Smashing! And your current system works magically well in practice for the last several years.

Funny thing, in the discrete math textbook I’m currently teaching out of (Rosen) there is an example specifically on “Scheduling Talks” (Sec. 3.1, Ex. 7). It’s a very different set of assumptions: Talks come with a pre-specified start and end time, and you’re trying to fit as many as you can in a day into one lecture hall. Turns out, the greedy algorithm that just sequentially adds feasible talks with the earliest end time is optimal.

You’ve thought about this so much longer than I have. If I were an interviewee, I might at least explore trying a greedy algorithm where you can initially give each individual talk a desirability score. Schedule the best talk in the first slot. Then parallel to that, go through the list…. [thinks] … naw, this isn’t going to be optimal. May reflect more on that in the near term. It’s a tough problem!

I was just talking with some co-workers about this at lunch. Here’s a really fascinating tidbit: my first attempt at solving this was basically a greedy algorithm. When I switched to a genetic algorithm, I used the original greedy algorithm to populate the first generation. I was worried however that this was creating a local maxima, so I switched to a first generation created by pure random values. This came out much worse.

Eventually I discovered the best results came from a mix of the two. The system now creates the initial generation with what looks like a greedy algorithm, but with random noise injected at certain decision points. It favors reasonable choices, but there’s just enough chaos in there to allow it to discover paths to the global maxima.

Not on my best day, Paul! LOL

Will you ever talk about the mass combat rules you use for d&d battles and storming the castle and stuff?

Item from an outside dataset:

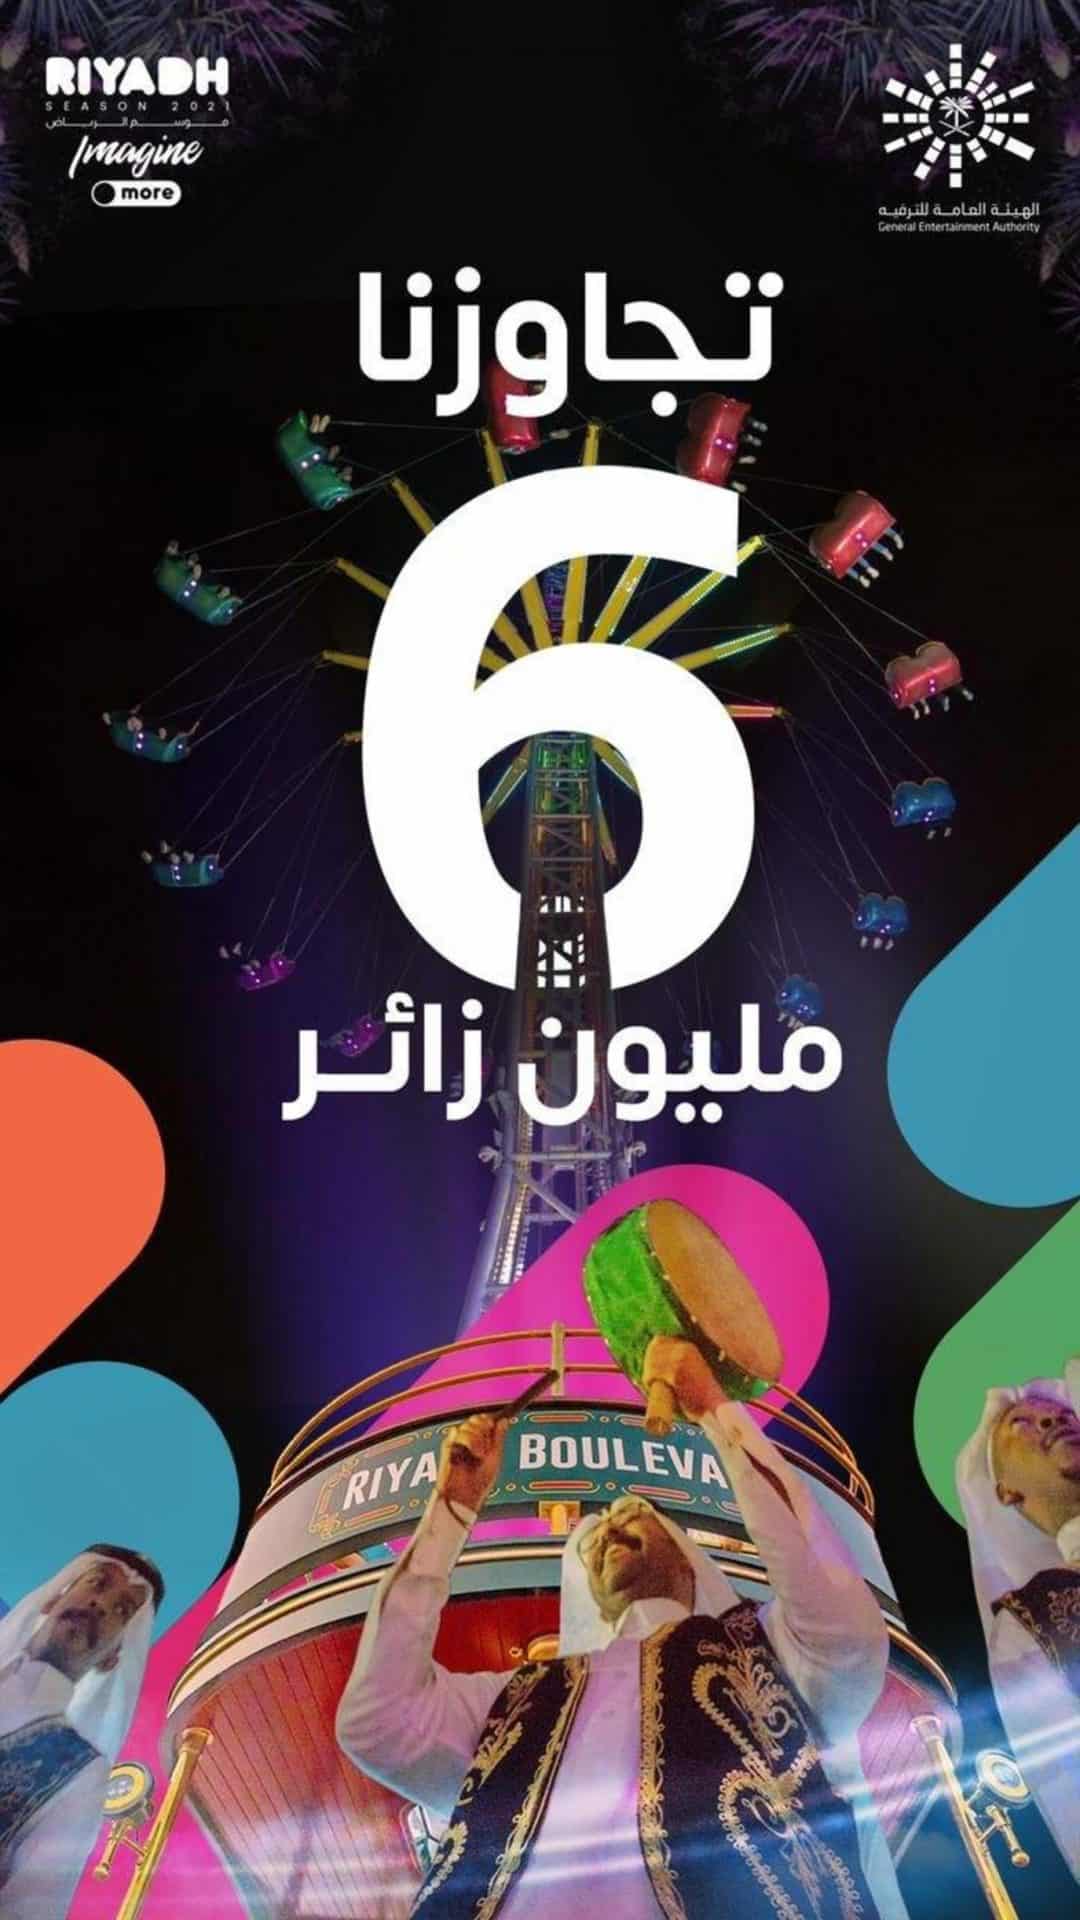 موسم الرياض 2021 يعلن تجاوزه الـ6 مليون زائر
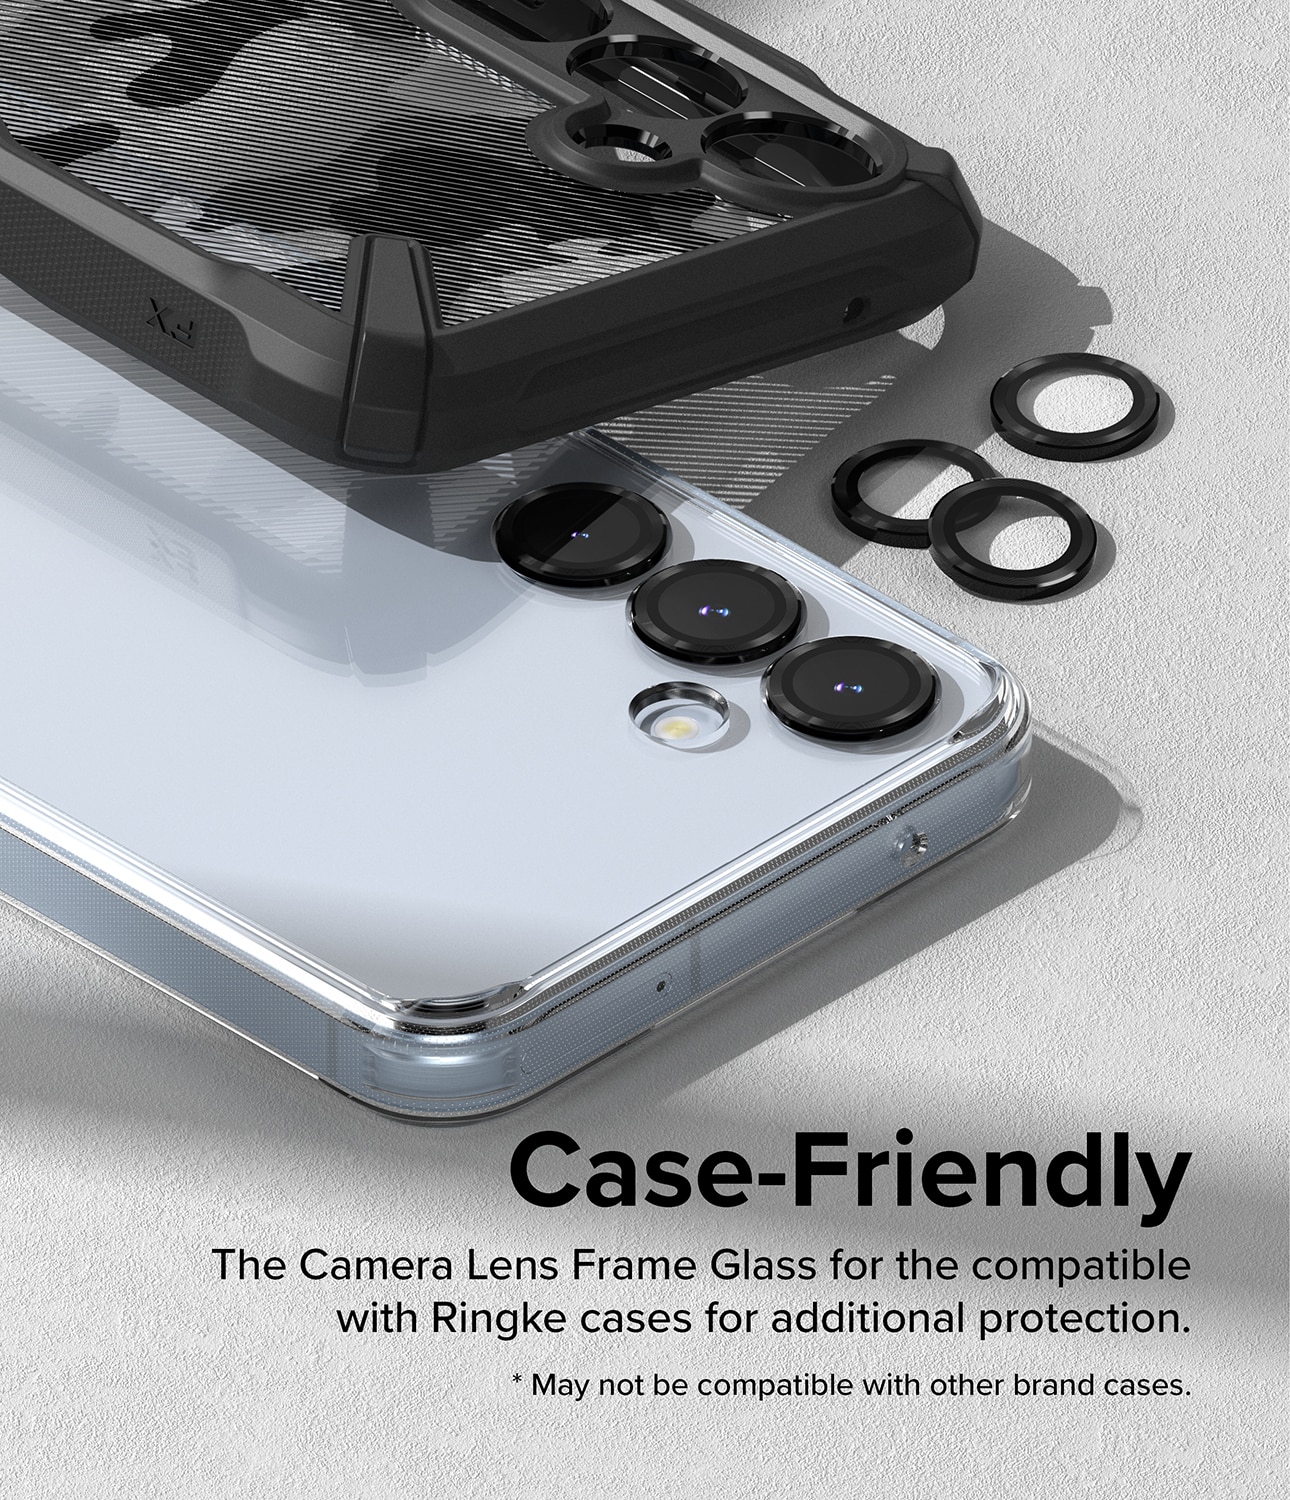 Samsung Galaxy A35 Camera Lens Frame Glass Black

That’s really Dan’s area. You might search his blog for “Book of War”, which are his custom rules for such. I’m not sure if he ever wrote anything specifically for castle storming though. I used those rules for the Battle of Bridgefaire in my own campaign.

Do you base scoring on the raw sum of ranks, or do you square or otherwise adjust to that very bad ranks are unlikely? I.e., are 10 1-rank shifts equivalent to 1 10-rank shift?

I use the raw sum. A square is an interesting idea. I did once try weighting the scores to favor the top 3, under the assumption that players would vastly prefer games 1, 2, 8, 11 than 4, 5, 6, 7. As I recall, it did not significantly change the final results.